Data storage devices are available in varying levels of quality and performance. Typically, the level of quality and performance is inversely proportional to the cost of the storage device. Because the importance of being able to quickly access data, the frequency of data access, and the level of reliability required varies widely among different users and different types of stored data, not all data needs to be stored in high performance storage devices. Also a vast majority of stored data is usually never accessed or accessed only infrequently. Thus, in order to minimize the costs associated with data storage, each piece of data should be stored in a storage device having an appropriate quality and performance level in accordance with the attributes of the data being stored and the needs of the users of the data.
Another issue that storage administrators frequently encounter is low utilization of existing storage resources. Due to recent explosive growth in the amount of data being stored, many administrators do not have enough human resources to closely manage the entire storage system. As a result, it is nearly impossible for administrators to manually manage the expansion of every volume in the system on a day-to-day basis. This lack of manpower to closely manage each volume causes many volumes to be over-allocated so as to be prepared for the possible addition of a large amount of data, which may in fact never occur. This over-allocation ties up huge amounts of unutilized space in conventional storage systems.
Tiered storage is a solution for reducing the cost of storing data by differentiating various types of data, and then storing the data in storage devices that are selected to provide an appropriate level of reliability and performance. For example, a SAN (Storage Area Network) may include plural storage tiers such as a high reliability, high performance, and premium cost first tier that may be used for important data that is accessed often, and a lower reliability, lower performance, and less expensive second tier that may be used for archive data or other infrequently-accessed data. Data can be stored according to a classified type, owner, or the like, and also may be migrated between tiers based on various situations and contingencies. Thus, by using these various levels of tiered storage resources, the total cost of storage can be reduced, while required access speed or reliability for specific data can still be maintained.
Furthermore, thin provisioning is a solution that helps improve the efficiency of storage utilization and eliminate wasted capacity. Thin provisioning systems typically present a virtualized full-volume capacity to a host computer. However, the system actually only allocates real storage capacity to particular portions the thin provisioned volume when the particular portion of the volume receives data to be stored. The units of partial storage capacity allocated to a thin provisioned volume may be referred to as “chunks”, and the chunks of storage may be carved from a storage extent referred to as a “thin provisioning pool” at the time that a chunk is requested. Plural thin provisioned virtual volumes can share a thin provisioning chunk pool. By this arrangement, free space can be flexibly managed, which can reduce the amount of unutilized space in the storage system.
Each of the solutions discussed above can individually help achieve cost reduction and improve system utilization, but attempts to use these two solutions in the same storage system have not been successful in producing the desired increases in efficiency of capacity utilization. Since typically every tier maintains at least one respective thin provisioning pool which is created from storage resources of that tier, when there are a number N of tiers in the storage system, then a number N of redundant free spaces is produced in the storage system. Accordingly, when these multiple free spaces are not utilized, it adds to the overall cost of the system.

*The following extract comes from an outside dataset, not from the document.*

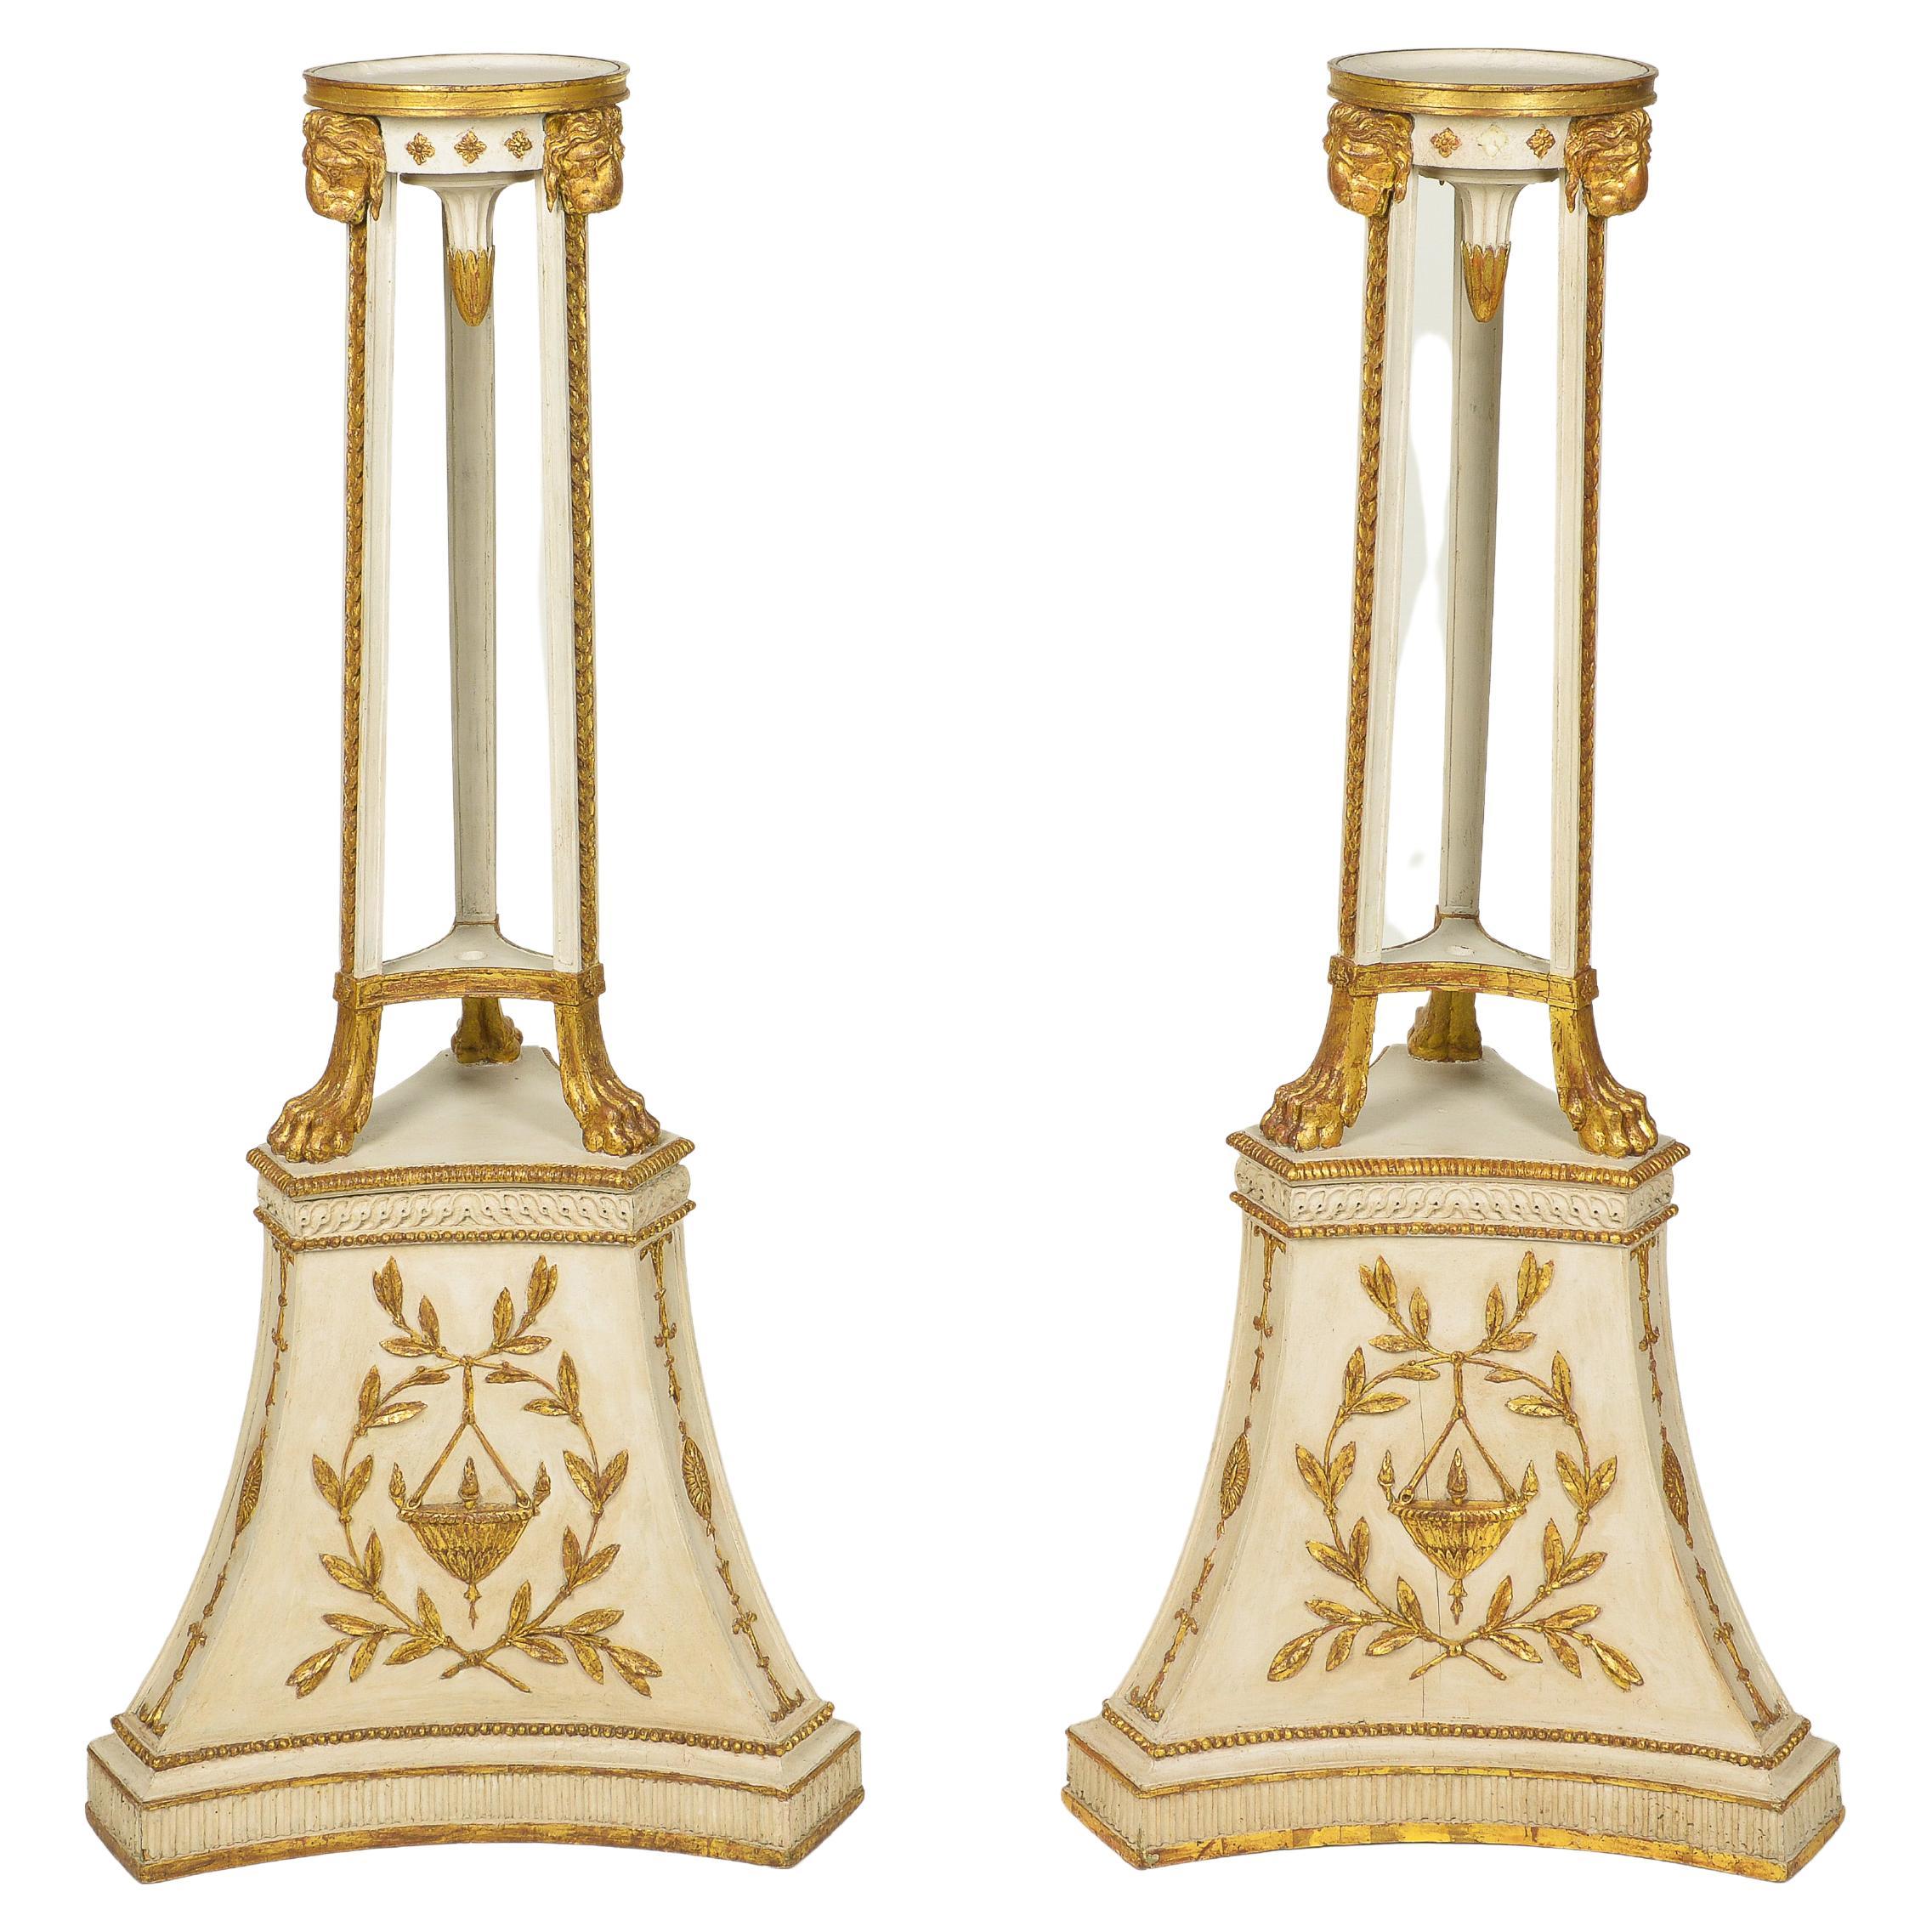 Pair of Gustavian White and Parcel Gilt Torcheres

Related art includes US Pat. Appl. Pub. 2004/0162958, to Kano et al., entitled “Automated On-Line Capacity Expansion Method for Storage Device”, filed Feb. 23, 2004; US Pat. Appl. Pub. 2006/0069862, to Kano et al., entitled “Method for Managing Volume Groups Considering Storage Tiers”, filed Sep. 29, 2004; and U.S. patent application Ser. No. 11/605,440, to Atsushi Murase, filed Nov. 29, 2006, the entire disclosures of which are incorporated herein by reference.